## PyTorch's nn.Embedding

In [31]:
import torch
from torch import nn
import numpy as np

In [22]:
# define the dictionary
word_to_ix = {"p22": 0, "p23": 1, "p42": 2, "endp22": 3, "wait2": 4, "wait3": 5}

In [23]:
# set parameters
vocab_size = len(word_to_ix)
embedding_dim = 5

In [24]:
# example of word to integer
word_to_ix["p42"]

2

In [25]:
# create embedding layer
embeds = nn.Embedding(vocab_size, embedding_dim)  # 6 words in vocab, 5 dimensional embeddings

In [26]:
# convert text -> integer -> 1d-tensor
example_tensor = torch.tensor([word_to_ix["p42"]], dtype=torch.long)
print(example_tensor)

tensor([2])


In [27]:
# embed 1d-tensor into 5-dim vector
example_embed = embeds(example_tensor)
print(example_embed)

tensor([[-0.5775, -1.7360,  0.2905, -1.3652,  1.5233]],
       grad_fn=<EmbeddingBackward>)


In [29]:
# example of embedding a batch of 5 words for a vocab size of 149

test = torch.tensor([22, 23, 46, 52, 72])

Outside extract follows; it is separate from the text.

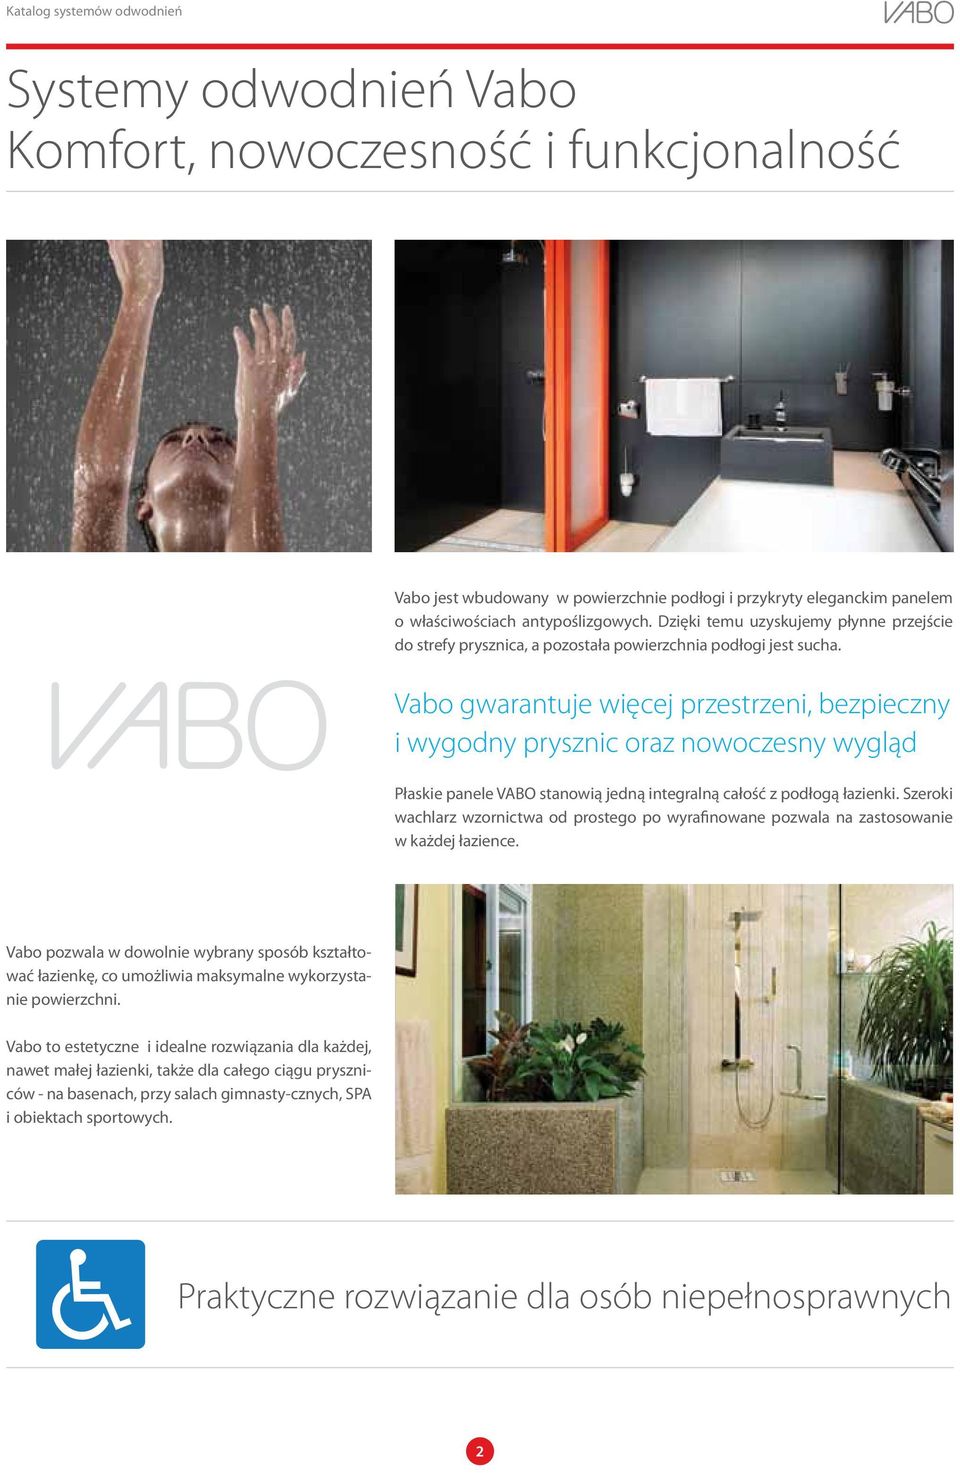 Vabo gwarantuje więcej przestrzeni, bezpieczny i wygodny prysznic oraz nowoczesny wygląd Płaskie panele VABO stanowią jedną integralną całość z podłogą łazienki.

embeds = nn.Embedding(149, 5)  # 149 words in vocab, 5 dimensional embeddings

test_embed = embeds(test)

print(test_embed)

tensor([[-0.0394, -1.2079, -0.5101,  0.2840, -0.2728],
        [ 1.6345, -1.4403, -1.1477,  0.0996, -0.9257],
        [-0.6820,  0.7039, -0.3863,  1.0630,  1.0672],
        [ 0.4961, -1.4209,  1.1120, -0.8681, -0.3484],
        [ 0.4165,  0.9182,  0.9482,  1.0565, -1.2355]],
       grad_fn=<EmbeddingBackward>)


In [34]:
x = np.array([[-0.0394, -1.2079, -0.5101,  0.2840, -0.2728],
        [ 1.6345, -1.4403, -1.1477,  0.0996, -0.9257],
        [-0.6820,  0.7039, -0.3863,  1.0630,  1.0672],
        [ 0.4961, -1.4209,  1.1120, -0.8681, -0.3484],
        [ 0.4165,  0.9182,  0.9482,  1.0565, -1.2355]])

In [35]:
x.T

array([[-0.0394,  1.6345, -0.682 ,  0.4961,  0.4165],
       [-1.2079, -1.4403,  0.7039, -1.4209,  0.9182],
       [-0.5101, -1.1477, -0.3863,  1.112 ,  0.9482],
       [ 0.284 ,  0.0996,  1.063 , -0.8681,  1.0565],
       [-0.2728, -0.9257,  1.0672, -0.3484, -1.2355]])

In [36]:
x.transpose(1,0)

array([[-0.0394,  1.6345, -0.682 ,  0.4961,  0.4165],
       [-1.2079, -1.4403,  0.7039, -1.4209,  0.9182],
       [-0.5101, -1.1477, -0.3863,  1.112 ,  0.9482],
       [ 0.284 ,  0.0996,  1.063 , -0.8681,  1.0565],
       [-0.2728, -0.9257,  1.0672, -0.3484, -1.2355]])

## nn.Embedding

1. define vocab length
2. takes in a 0D-tensor (i.e. 49, 23, 24)
3. no need for one-hot encoding
4. if input tensor([49,23,34])
    - will output tensor of 3*5
    - in general, will output tensor of shape input_length*embedding_dim

## to do
1. remove one-hot encoding
2. input should be 1d tensor
3. output is still the same?
    - usually output should be an embedding vector as well
    - then use arg.max to get token_id
4. use jupyter notebook
5. remove keras's categorical

## questions

1. should the output still be the same?
    - usually output should be an embedding vector as well
    - then use arg.max to get token_id
2. what should the embedding dimension be?
    - use hyperparameter optimization to get best number, eg. ranging from 50 to 1000
    - A good rule of thumb is 4th root of the vocab_length, eg. 149^(1/4) = 3.5
    - The typical number of dimensions is between 200–300.
    - The number of dimensions does not greatly impact how distances in the word embedding space encode semantic relationships. You can pick a power of 32 (64, 128, 256) to speed up modeling training.